[Opening Material provided section]

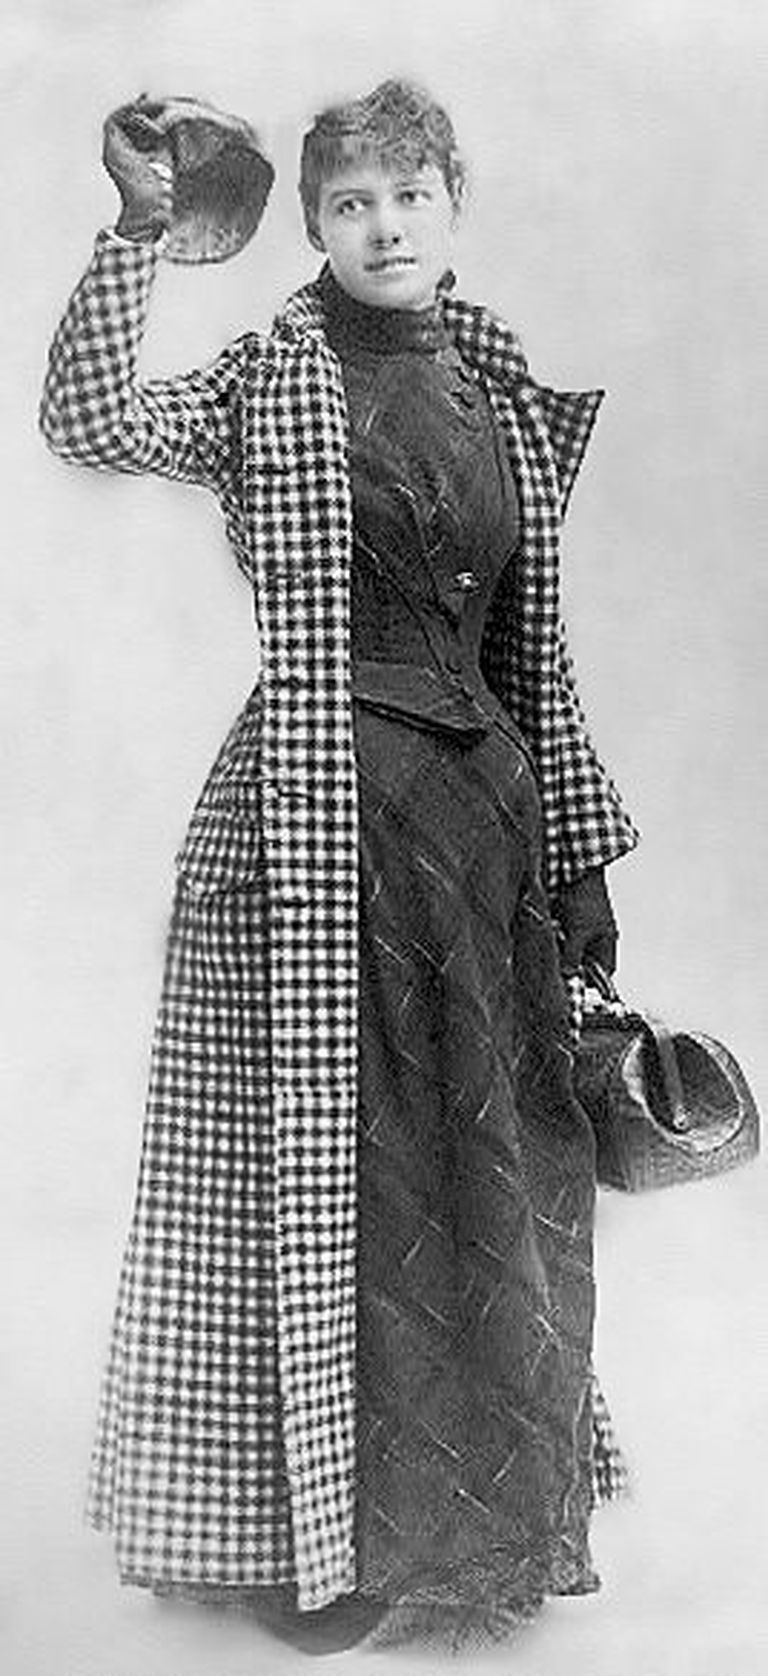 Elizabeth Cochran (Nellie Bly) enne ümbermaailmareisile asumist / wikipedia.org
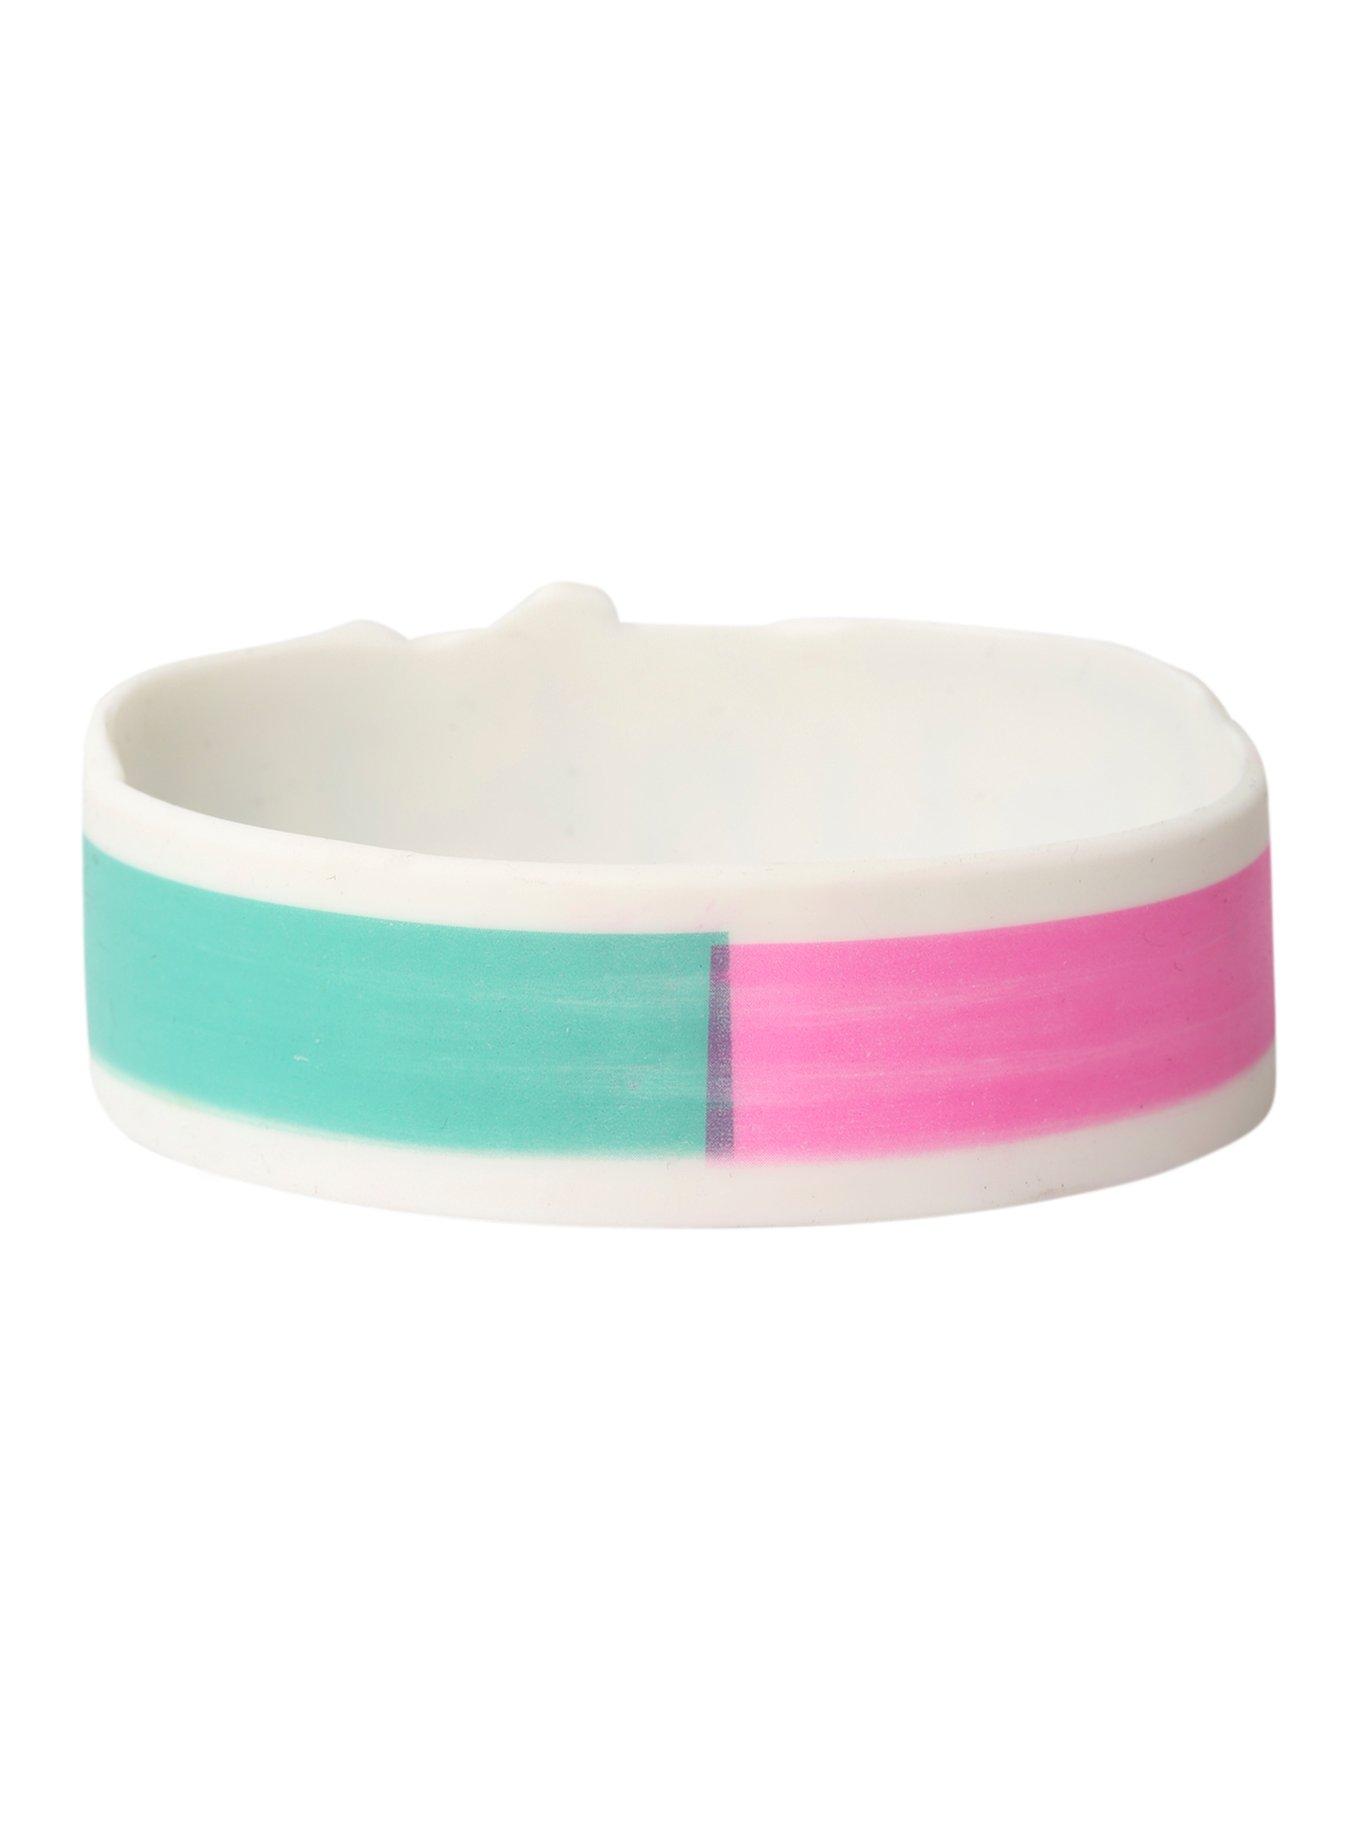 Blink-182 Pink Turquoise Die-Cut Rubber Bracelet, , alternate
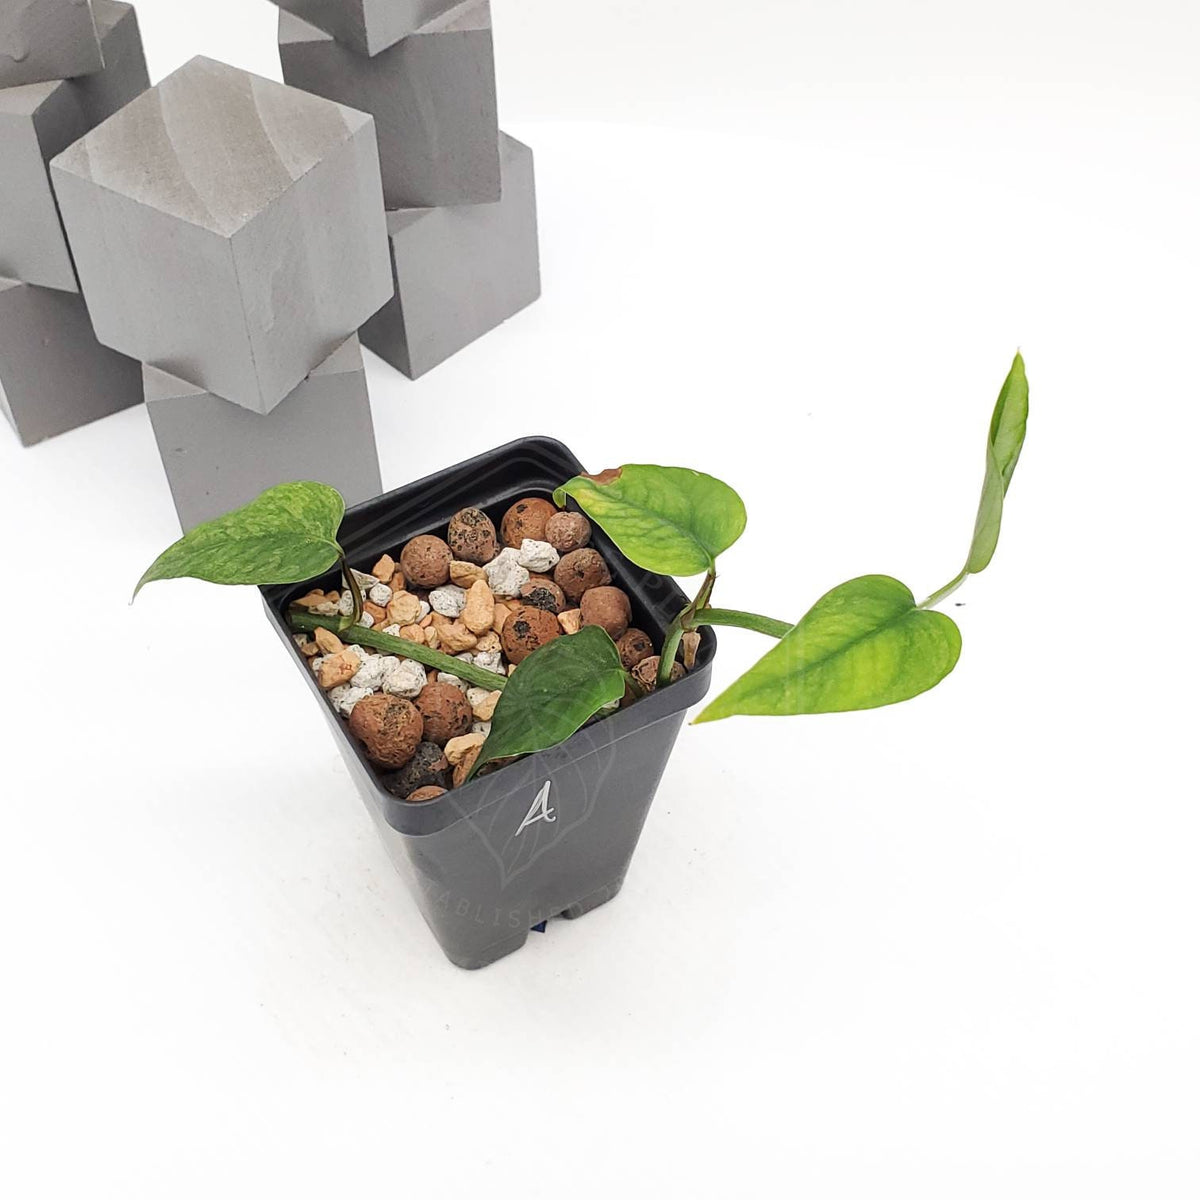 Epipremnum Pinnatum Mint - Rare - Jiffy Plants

[Closing Material provided section]

> _What needs to be done_:
Could you return the whole listing exactly, images excluded?

> _Response for this exercise_:
 Elizabeth Cochran (Nellie Bly) enne ümbermaailmareisile asumist / wikipedia.org
 Blink-182 Pink Turquoise Die-Cut Rubber Bracelet, , alternate
 Epipremnum Pinnatum Mint - Rare - Jiffy Plants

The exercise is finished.